Again, his ears folded and he curled his lips in. A flush of guilt hit her cheeks, but she stood her ground. It was the truth, anyway.
“Maybe not, but I can be useful in other ways,” he said. “At the very least, I promise I won’t slow you down. I may not be good at hunting, but I’m a good cook and I tell a good song.”
“Songs won’t help on the journey I’m on,” Naia said. Although it was true, her belly rumbled a little, as if whispering to her in protest.
Kylan caught the bit of hesitation and insisted, “I can record our journey in exchange for your protection from ruffnaw and—and fizzgigs!”
Naia barked one accidental laugh at the thought, shutting her mouth quickly after, but it was too late; the smile was already on her face. She tried to lose it, but it haunted her lips.
“Firstly,” she said, “I don’t need my journey recorded or songs during camp. Secondly, I would hope there isn’t a Gelfling alive who’d need protecting from a fizzgig!”
“But in Jarra-Jen and the Maw of the King, the Fizzgig King eats Jarra-Jen whole,” Kylan said.
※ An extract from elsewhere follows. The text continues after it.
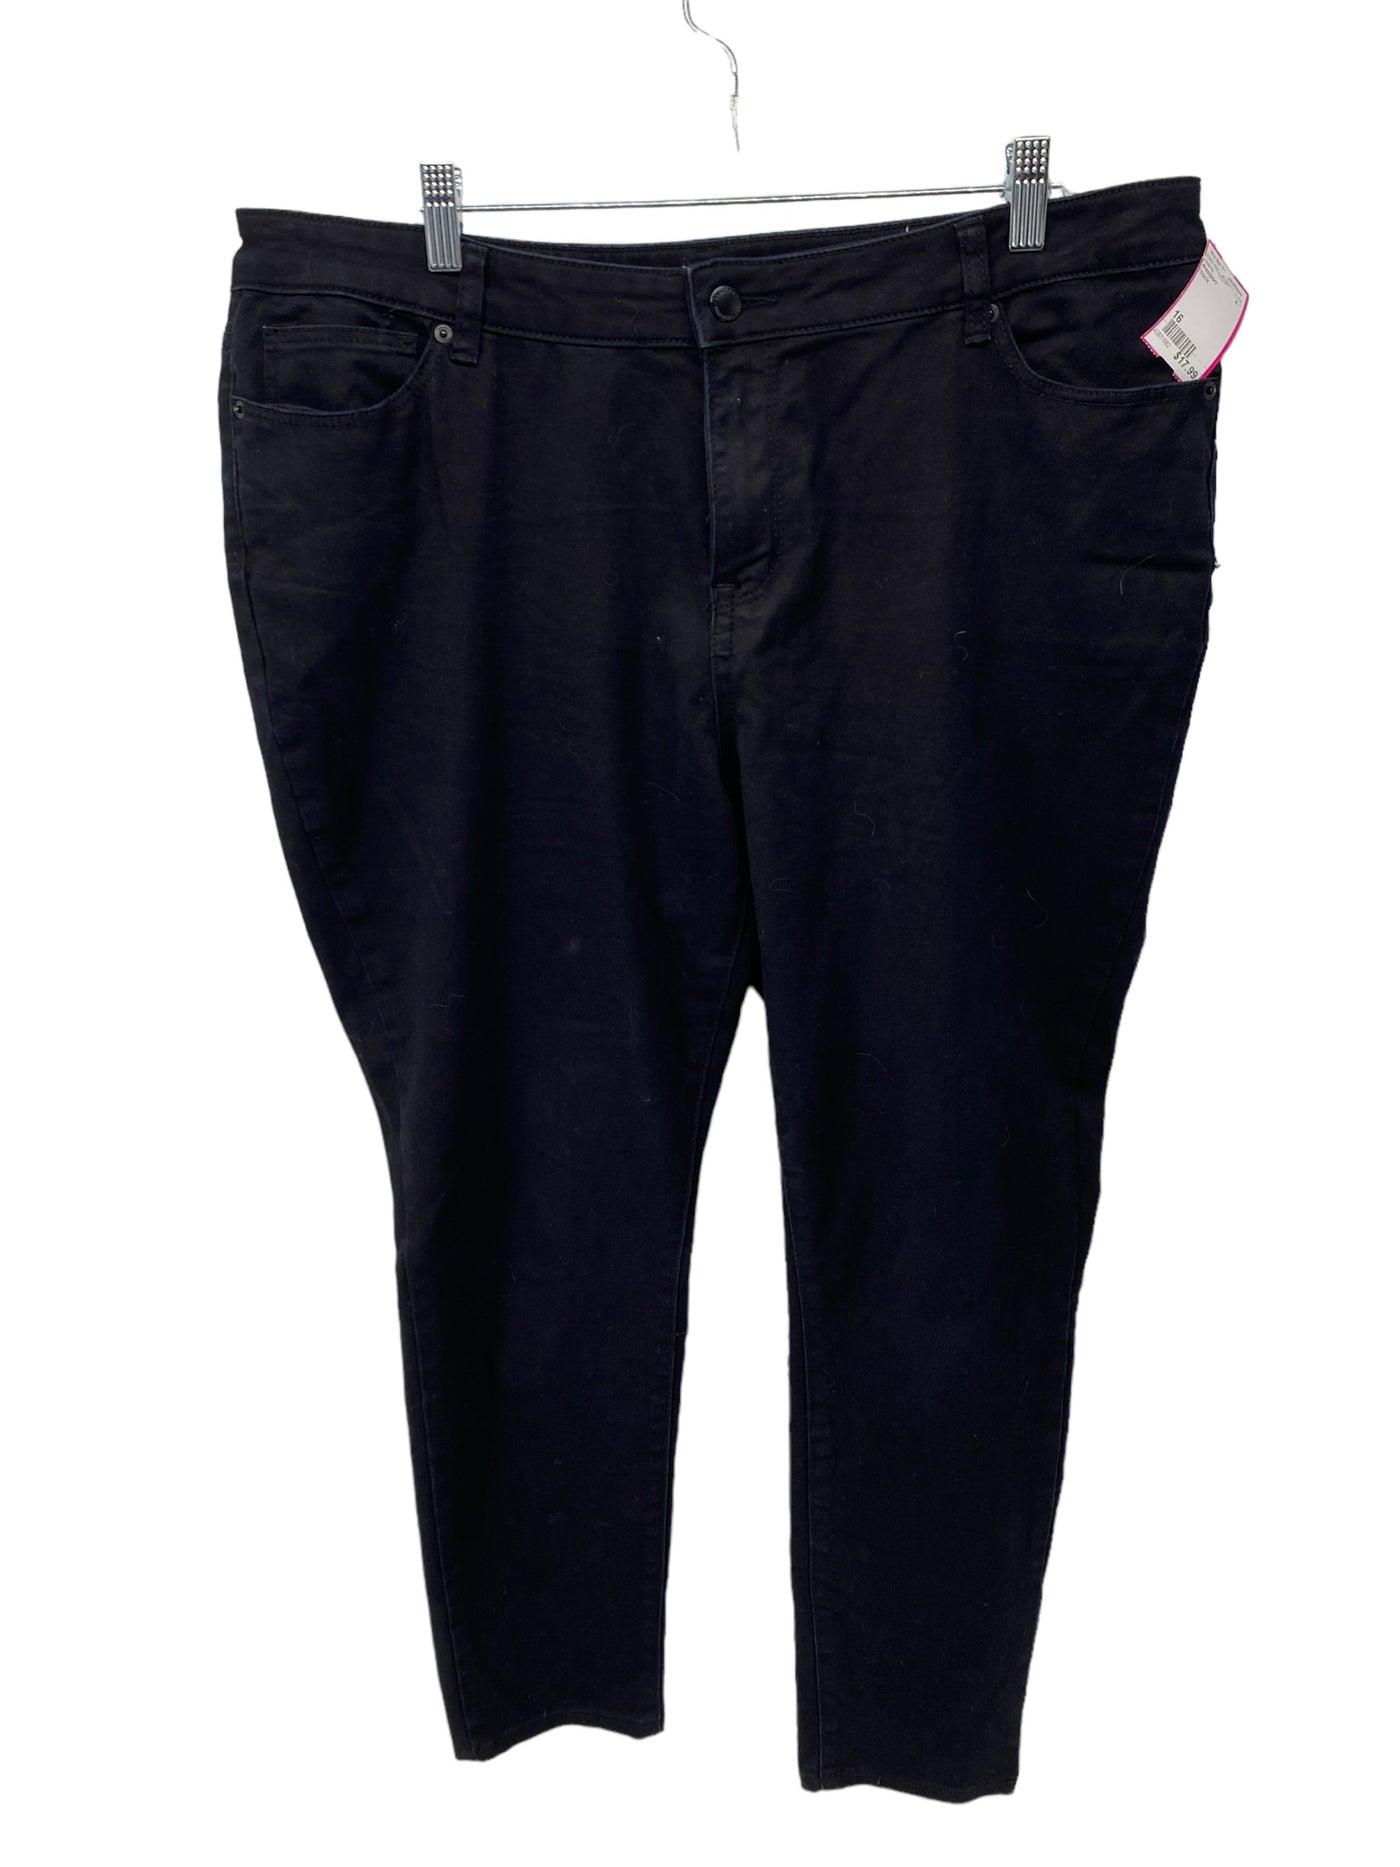 Westport Misses Size 16 Black Jeans

If anything, he was determined, and he’d seen that smile. “To escape the huge maw was no easy feat; Jarra-Jen, yea, he tickled the King’s throat with a leaf—”
“It sounds stupid,” Naia interrupted, but the smile was returning at the idea of a fizzgig swallowing someone whole—what nonsense! Jarra-Jen would have had to be an awfully small hero indeed. But Kylan’s words were strong, putting the ridiculous image in her head: a red-and-orange fluffy ball of fur big enough for a Gelfling hero to stand in. Before she knew it, she was almost laughing at the idea. Trying to hide her mirth, she turned away, hearing Kylan following.